● **WHAT NEEDS TO BE DONE**: Reproduce all of the data below without alteration; exclude every picture.

● **DATASET EXTRACT**:
───

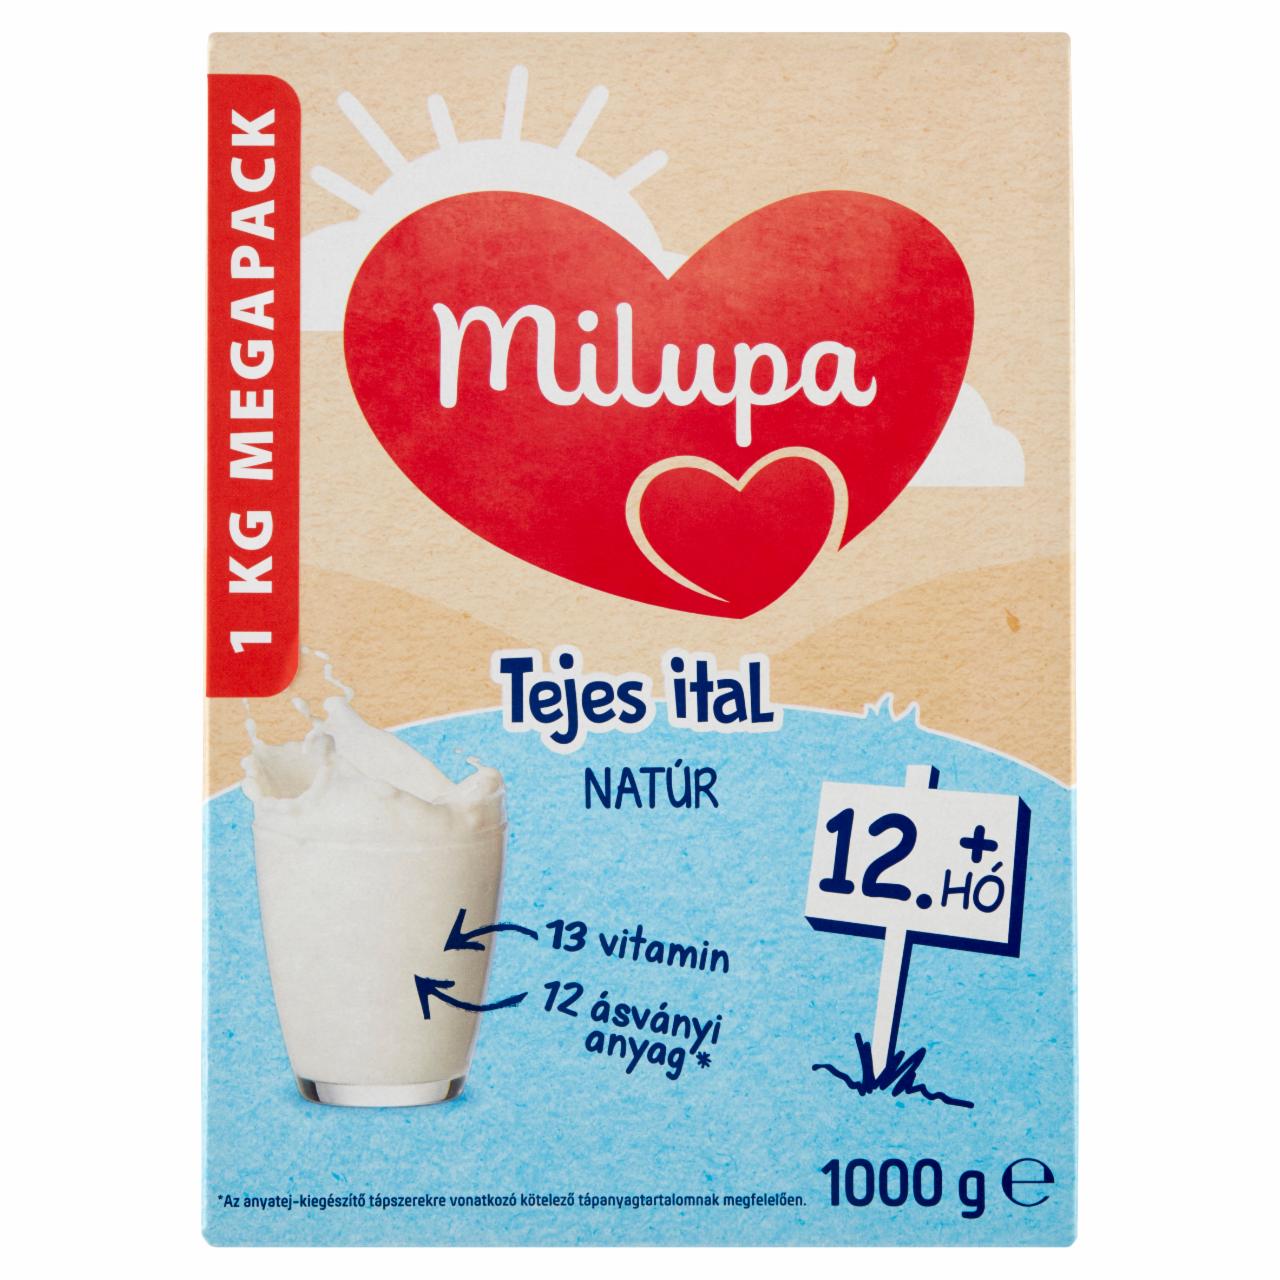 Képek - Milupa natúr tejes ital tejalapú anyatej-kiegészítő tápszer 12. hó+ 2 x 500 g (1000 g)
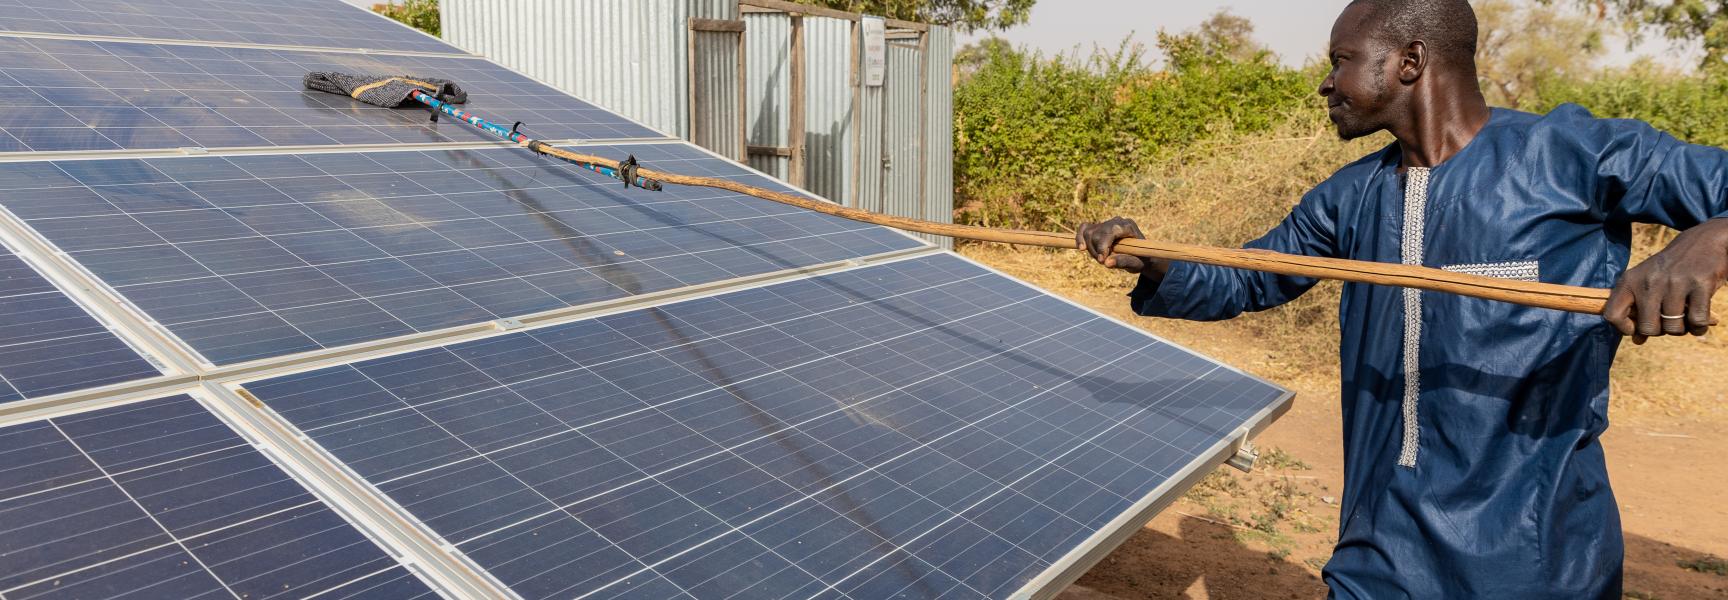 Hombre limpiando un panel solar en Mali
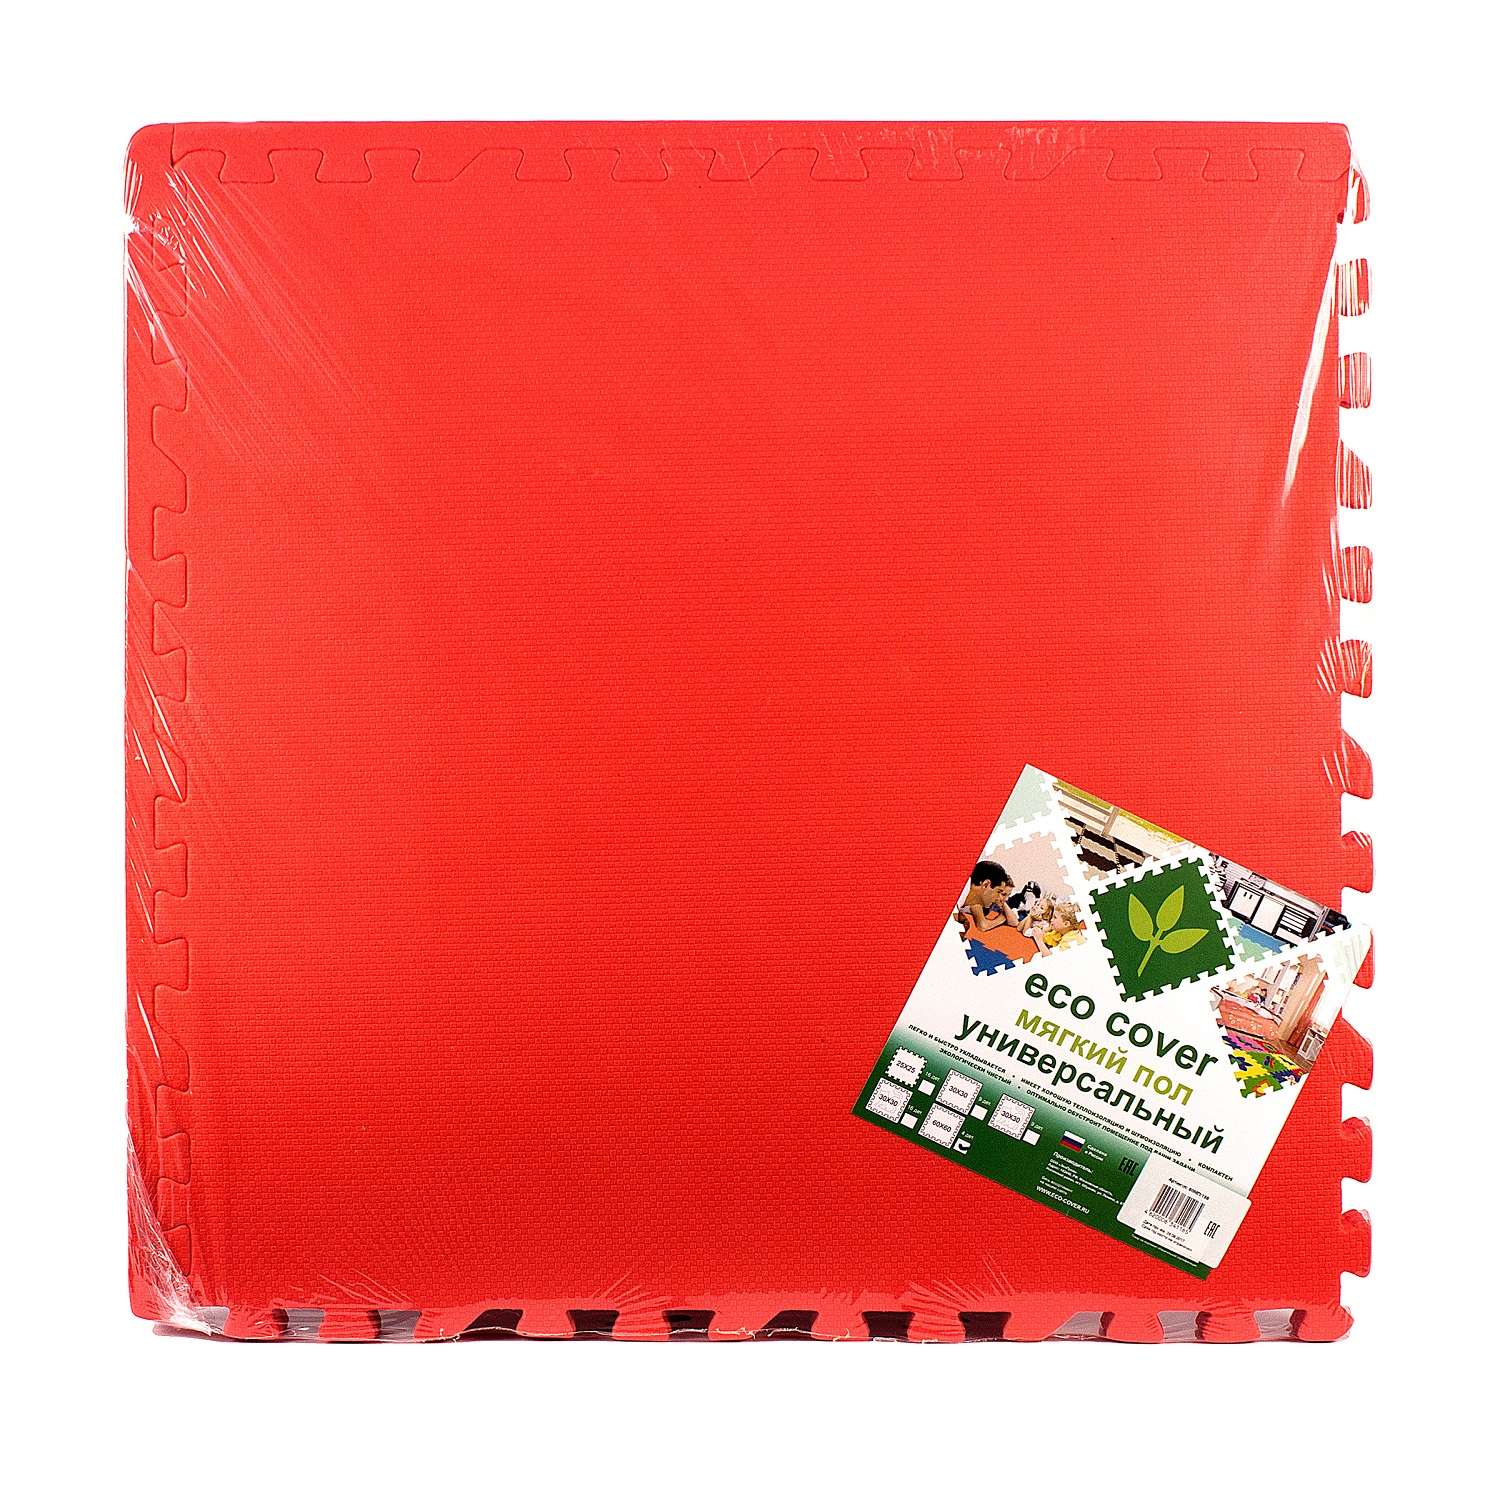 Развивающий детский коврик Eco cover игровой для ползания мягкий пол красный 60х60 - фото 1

───

● **EXERCISE OUTPUT**:
 Képek - Milupa natúr tejes ital tejalapú anyatej-kiegészítő tápszer 12. hó+ 2 x 500 g (1000 g)
 Hombre limpiando un panel solar en Mali
 Развивающий детский коврик Eco cover игровой для ползания мягкий пол красный 60х60 - фото 1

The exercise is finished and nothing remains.